= 1899 in animation =

Events in 1899 in animation.

==Events==
- Specific date unknown:
  - French trick film pioneer Georges Méliès claimed to have invented the stop trick and popularized it by using it in many of his short films. He reportedly used stop-motion animation in 1899 to produce moving letterforms.
  - Earliest possible date for the production of Matches: an Appeal by the British film pioneer Arthur Melbourne-Cooper. Based on later reports by Melbourne-Cooper and by his daughter Audrey Wadowska, some believe that Cooper's Matches: an Appeal was produced in 1899 and was therefore the very first use of stop-motion animation. The extant black-and-white film shows a matchstick figure writing an appeal to donate a Guinea, for which Bryant & May would supply soldiers with sufficient matches. No archival records are known that could proof that the film was indeed created in 1899 during the beginning of the Second Boer War. Others place its creation at 1914, during the beginning of World War I. Cooper created more Animated Matches scenes in the same setting. These are believed to also have been produced in 1899, while a release date of 1908 has also been given.
  - The German toy manufacturer Gebrüder Bing introduced their toy "kinematograph", at a toy convention in Leipzig in November 1898. In late 1898 and early 1899, other toy manufacturers in Germany and France, including Ernst Plank, Georges Carette, and Lapierre, started selling similar devices. The toy cinematographs were basically traditional toy magic lanterns, adapted with one or two small spools that used standard "Edison perforation" 35mm film, a crank, and a shutter. These projectors were intended for the same type of "home entertainment" toy market that most of the manufacturers already provided with praxinoscopes and magic lanterns. Apart from relatively expensive live-action films, the manufacturers produced many cheaper films by printing lithographed drawings. These animations were probably made in black-and-white from around 1898 or 1899. The pictures were often traced from live-action films (much like the later rotoscoping technique). These very short films typically depicted a simple repetitive action and most were designed to be projected as a loop - playing endlessly with the film ends put together. The lithograph process and the loop format follow the tradition that was set by the stroboscopic disc, zoetrope and praxinoscope.
  - In the 1899 book Living Pictures, Henry V. Hopwood depicts and describes a simple four-phase animation device. Hopwood gave no name, date or any additional information for this toy that rotated when blown upon.

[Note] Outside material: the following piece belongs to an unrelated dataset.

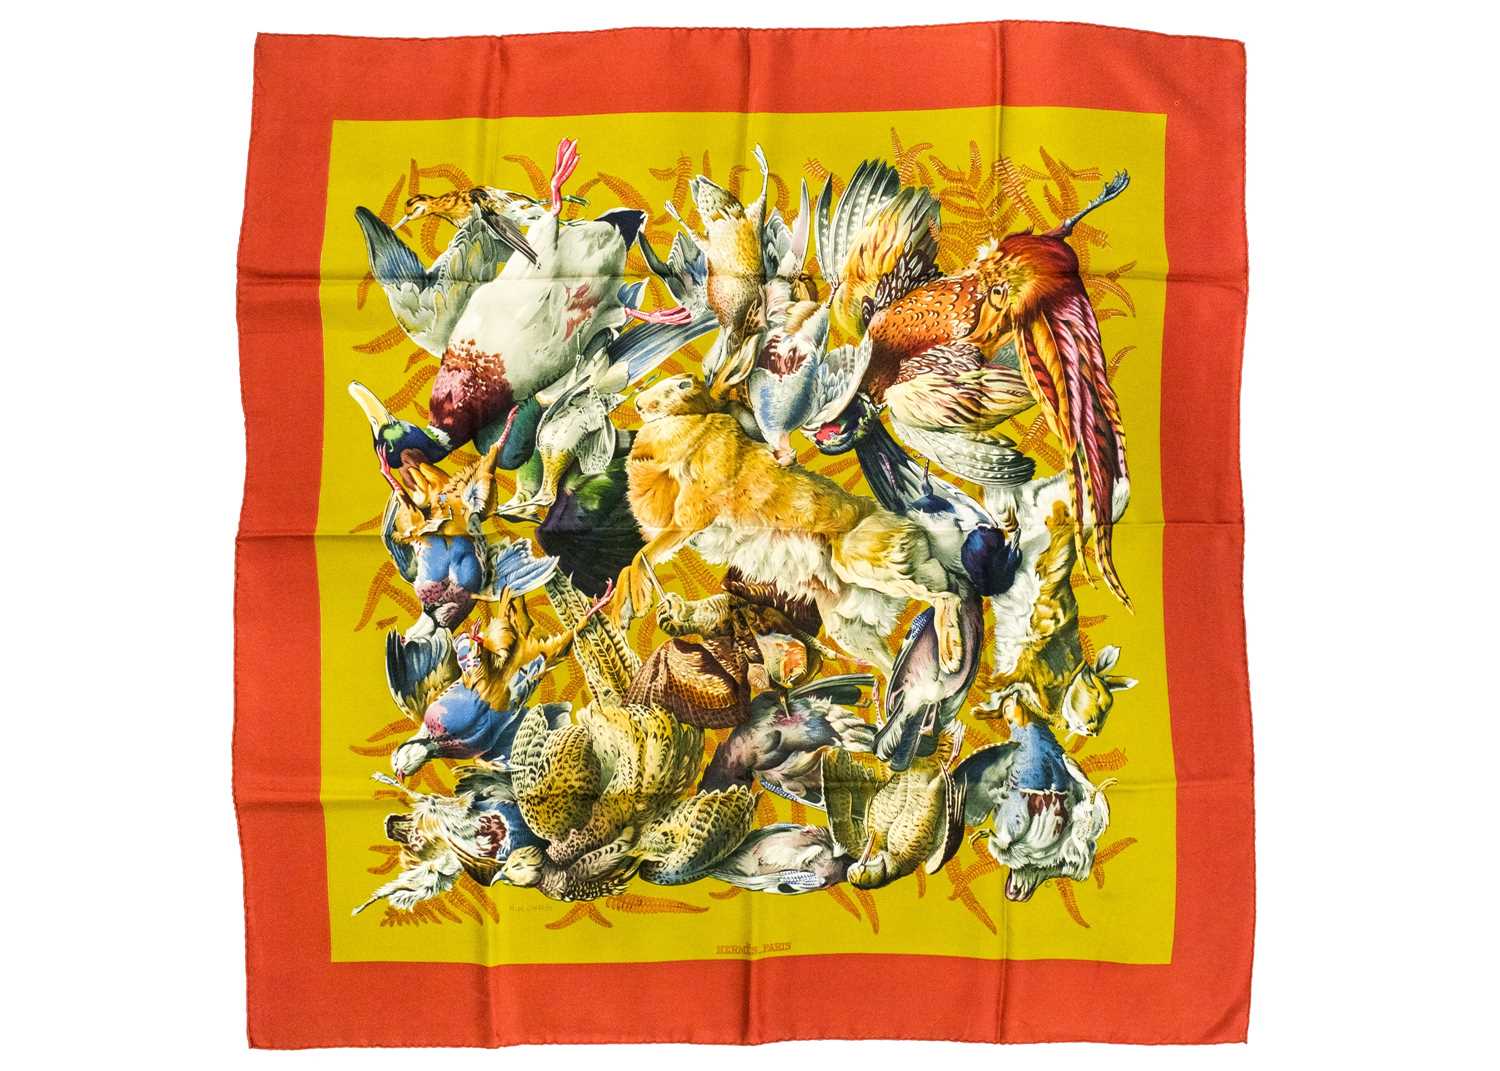 HERMES - A printed silk scarf in 'Gibiers' pattern.

It is thought to have been a version of the zoetrope.

==Births==

===January===
- January 13: Louis de Rochemont, American filmmaker, (producer and artistic director for Animal Farm), (d. 1978).

===February===
- February 15: Lillian Disney, American ink artist (Walt Disney Animation Studios), and widow of Walt Disney, (d. 1997).

===April===
- April 2: William Garity, American inventor and audio engineer (Fantasound), (d. 1971).
- April 26: Guinn "Big Boy" Williams, American actor (narrator in Mr. Bug Goes to Town), (d. 1962).
- April 27: Walter Lantz, American animator, cartoonist, film director, and film producer (Walter Lantz Productions, Andy Panda, Woody Woodpecker, Chilly Willy, Oswald the Lucky Rabbit), (d. 1994).

===May===
- May 8: Arthur Q. Bryan, American comedian and actor (voice of Elmer Fudd in Looney Tunes), (d. 1959).
- May 10: Fred Astaire, American actor and singer (voice of S.D. Kluger in Santa Claus Is Comin' to Town and The Easter Bunny Is Comin' to Town), (d. 1987).
- May 31: Madge Blake, American actress (model for Fauna in Sleeping Beauty), (d. 1969).

===June===
- June 2: Lotte Reiniger, German film director, and animator, pioneer of silhouette animation, (The Adventures of Prince Achmed, the oldest surviving feature-length animated film, and devised an early version of the multiplane camera), (d. 1981).

===August===
- August 2: Valentina Semyonovna Brumberg, Russian animator, film director, and screenwriter (The Tale of Tsar Saltan, The Lost Letter, The Night Before Christmas, It Was I Who Drew the Little Man), (d. 1975).

===September===
- September 7: Perce Pearce, American animation director, producer, writer (Walt Disney Company) and actor (voice of the mole in Bambi), (d. 1955).

===November===
- November 4: Treg Brown, American motion picture sound editor (Warner Bros. Cartoons), (d. 1984).
- November 22: Hoagy Carmichael, American musician, composer, songwriter, actor and lawyer (voiced himself in The Flintstones episode "The Hit Song Writers"), (d. 1981).